Ensure that you meet the minimum qualifications and make sure that you’ve clearly indicated that you meet those qualifications. If you don’t meet those qualifications, then you may want to look at additional training or coursework that might help.  

Finally, for an academic search, spend extra time with a cover letter. That’s the place you can really articulate how you have transferable skills and how those skills apply to the academic role that you’re applying for. 

Have you worked with recent graduates who are conducting an academic job search straight out of a doctoral program at TCU? 

A lot of them have had mentorship with their faculty, so sometimes it’s in coordination or collaboration with the faculty.  

And this is kind of a segue, but sometimes they may be looking to transition from academia to a corporate role. We can help them: It’s almost the reverse of what I said for the other searches — your CV that’s 10 pages, we need to cut that down to one or two. You need to think about what’s relevant to the position or platform — not necessarily all of the research that you’ve done — making it more skills-based, articulating your value to that corporate experience and providing the transferable skills. 

There are companies that hire research scientists, so it depends on the role. But if it is a non-research position, then you would want to be clear and concise with your résumé.  

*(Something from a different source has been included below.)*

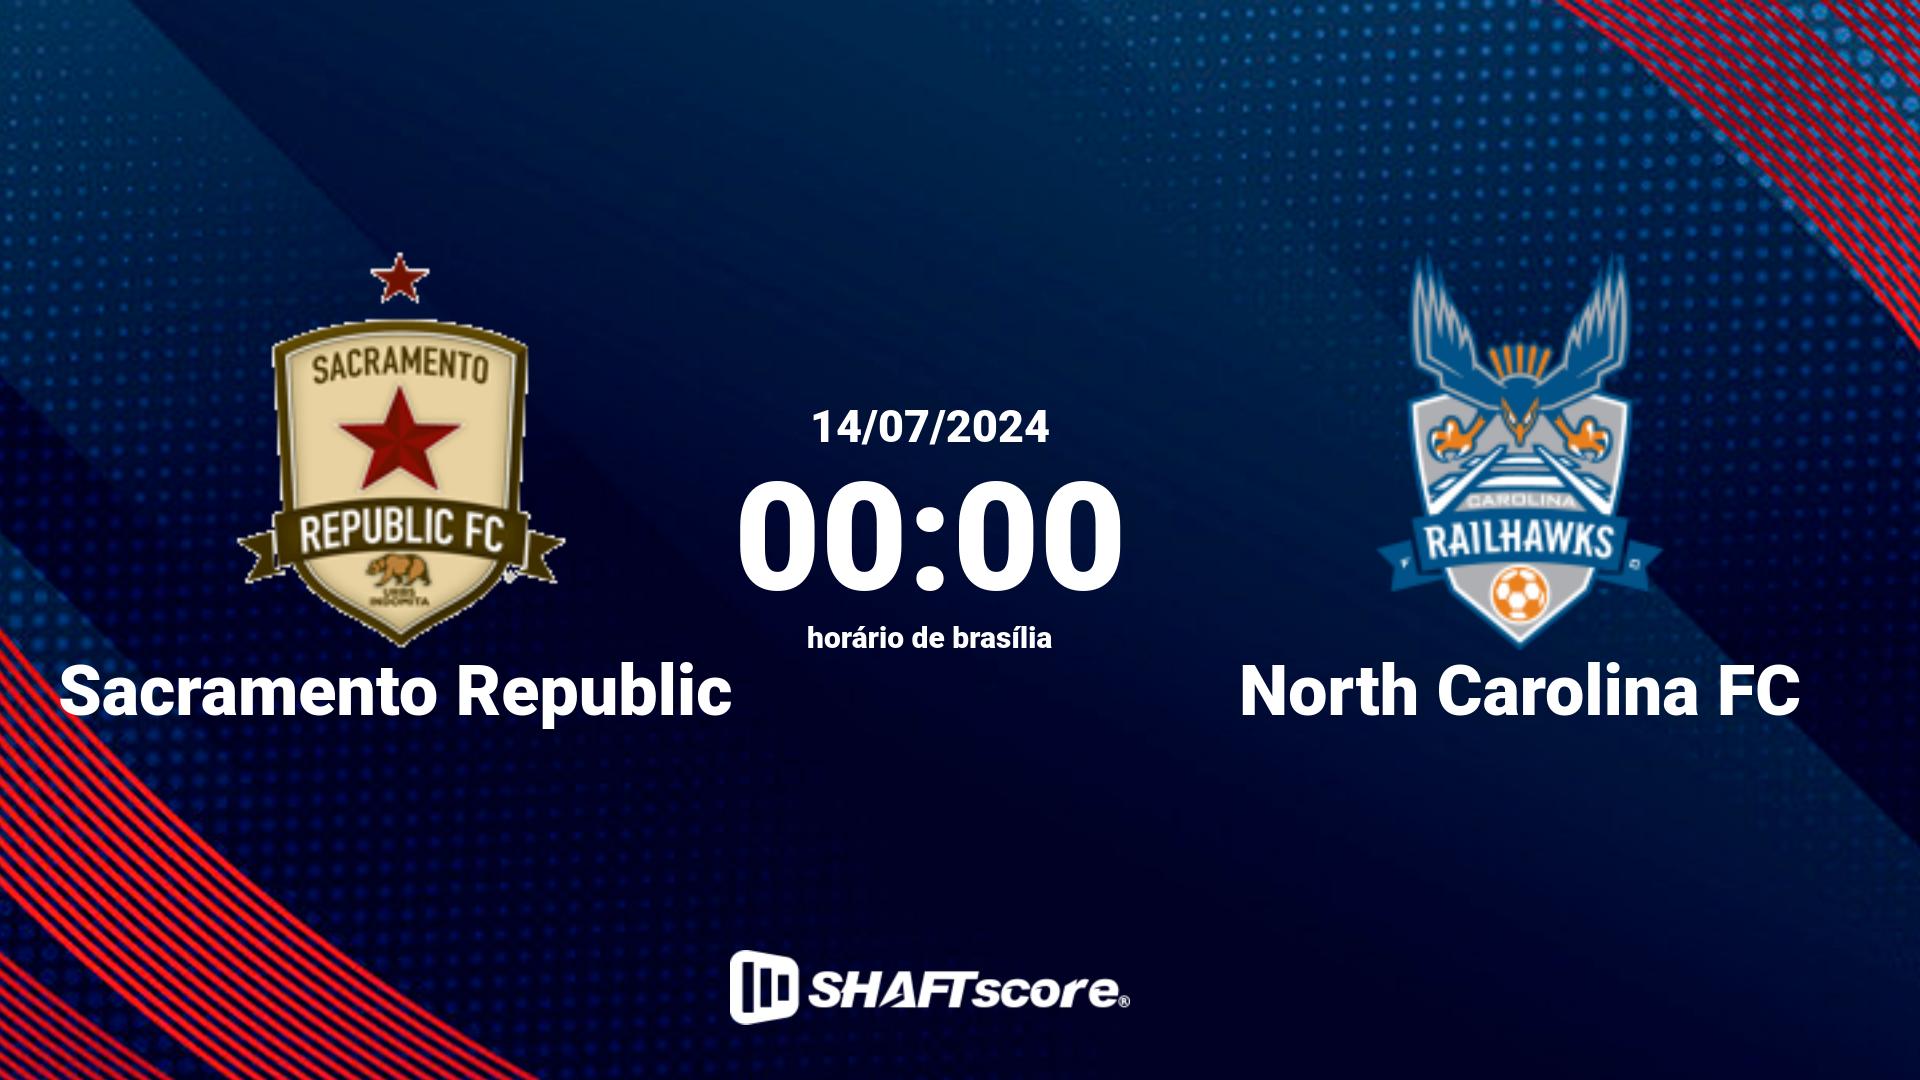 Estatísticas do jogo Sacramento Republic vs North Carolina FC 14.07 00:00

If you want to work in higher ed, a lot of positions will at least require a master’s. There are exceptions. And there are also sometimes options that will allow someone to work at TCU and work on their degree as well.
Mike Caldwell

What about staff jobs at a university — do you need an advanced degree for non-teaching roles? Can experience as a student worker help launch a career? 

If you want to work in higher ed, a lot of positions will at least require a master’s. There are exceptions. And there are also sometimes options that will allow someone to work at TCU and work on their degree as well. Our College Advising Corps, for example, is a great opportunity for them to work and complete graduate coursework.

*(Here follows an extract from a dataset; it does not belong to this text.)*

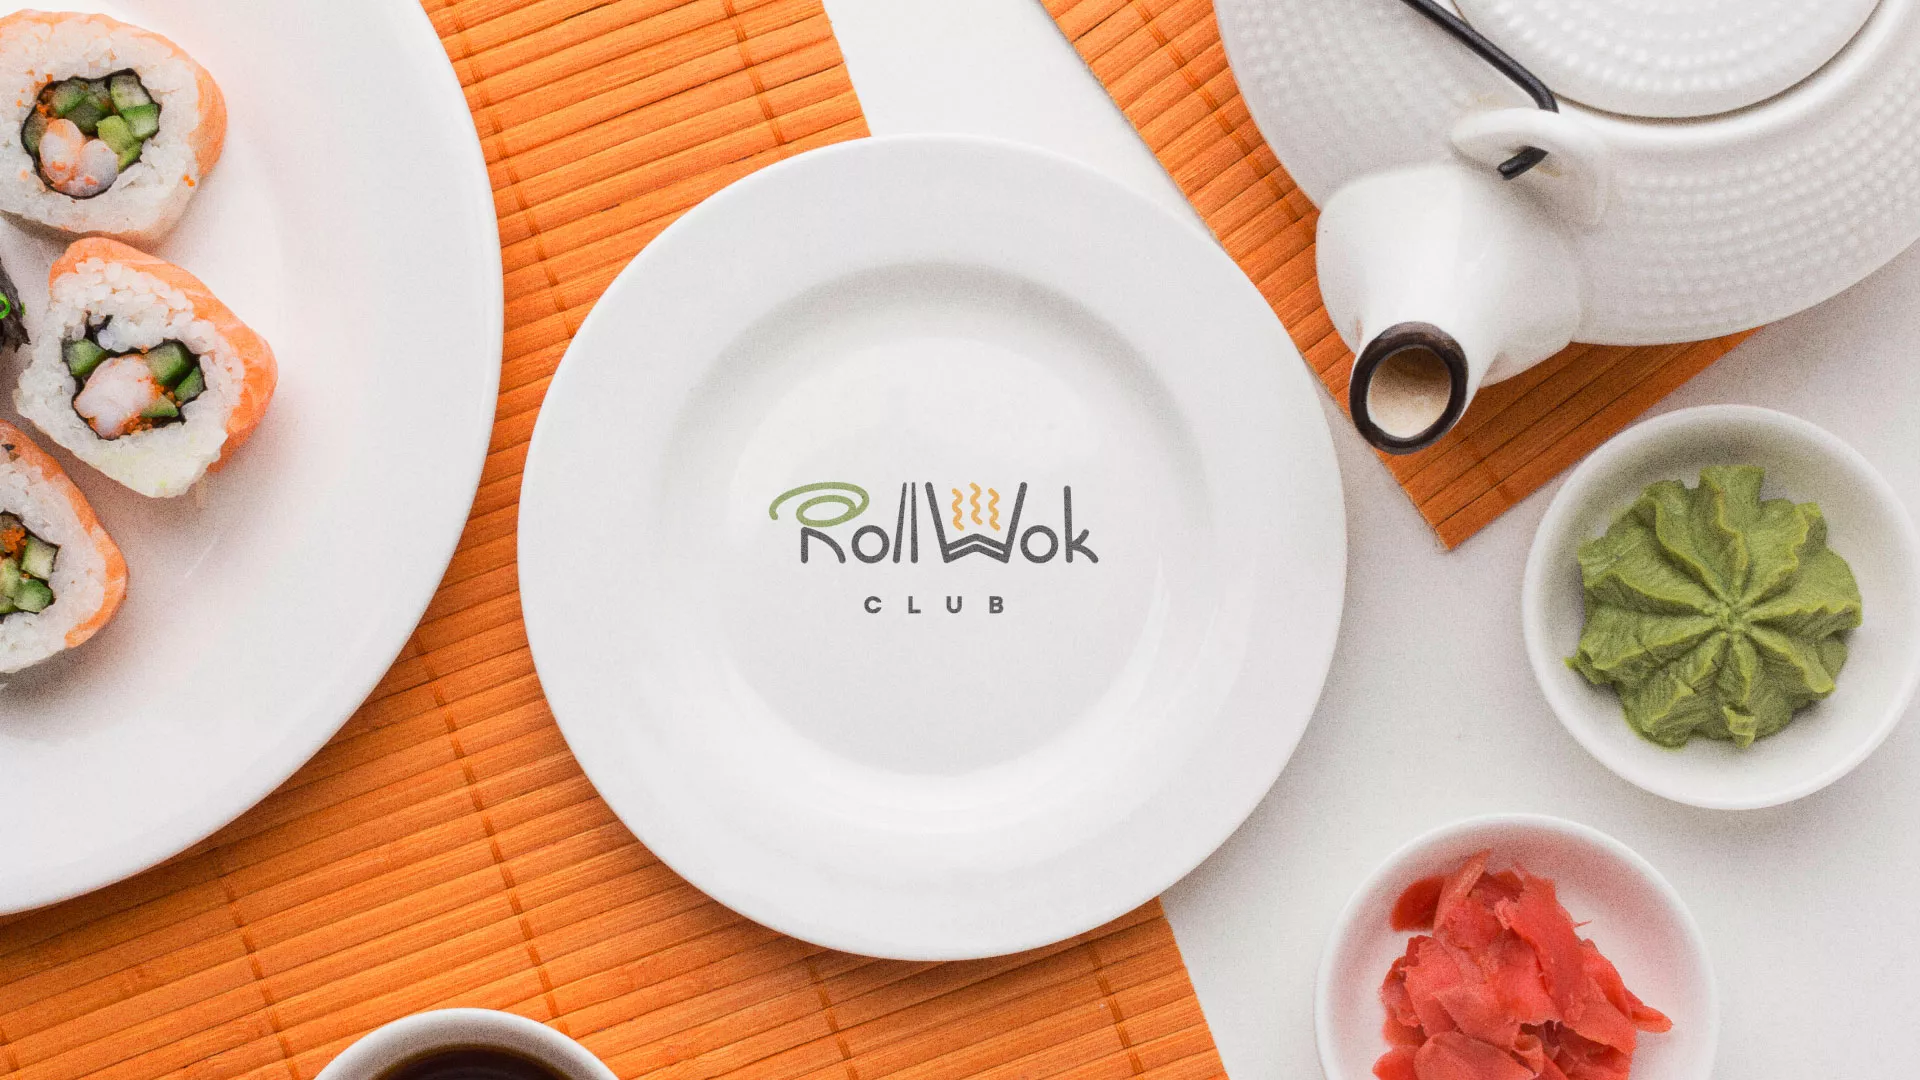 Разработка логотипа и фирменного стиля суши-бара «Roll Wok Club» в Среднеуральске

A student who is a resident assistant might do the higher-education program at TCU in the College of Education. There’s a higher-ed leadership track, and there’s a counseling path as well.

There’s a counseling graduate student who’s doing her practicum here in our office. She had experience doing athletic advising and was a student athlete; she would like to translate that experience to work in athletics administration or athletics academic advising.

Why are people drawn to working in higher education?

There’s a lot of pros to higher ed; it’s a place where you see the difference that you make immediately. A lot of times what people are looking for is something that brings meaning or purpose.

Even if you are working in campus police or IT, ultimately, we all know when we’re part of this place that the students are why we’re here. That is something that really brings value to people because they can see how they can make a difference. 

What advice do you have for people searching for a staff role in higher education? 

When I’m looking at applicants who are trying to break into higher ed, it really does make a difference if someone has articulated in their cover letter, application materials or résumé that this is the job they’re applying for. When a job opens at TCU, we get hundreds of applications for it, and sometimes those look like someone has just applied to every job at TCU. Knowing the difference between applying to a job in the Career Center versus the Admissions office versus Residence Life is really, really valuable.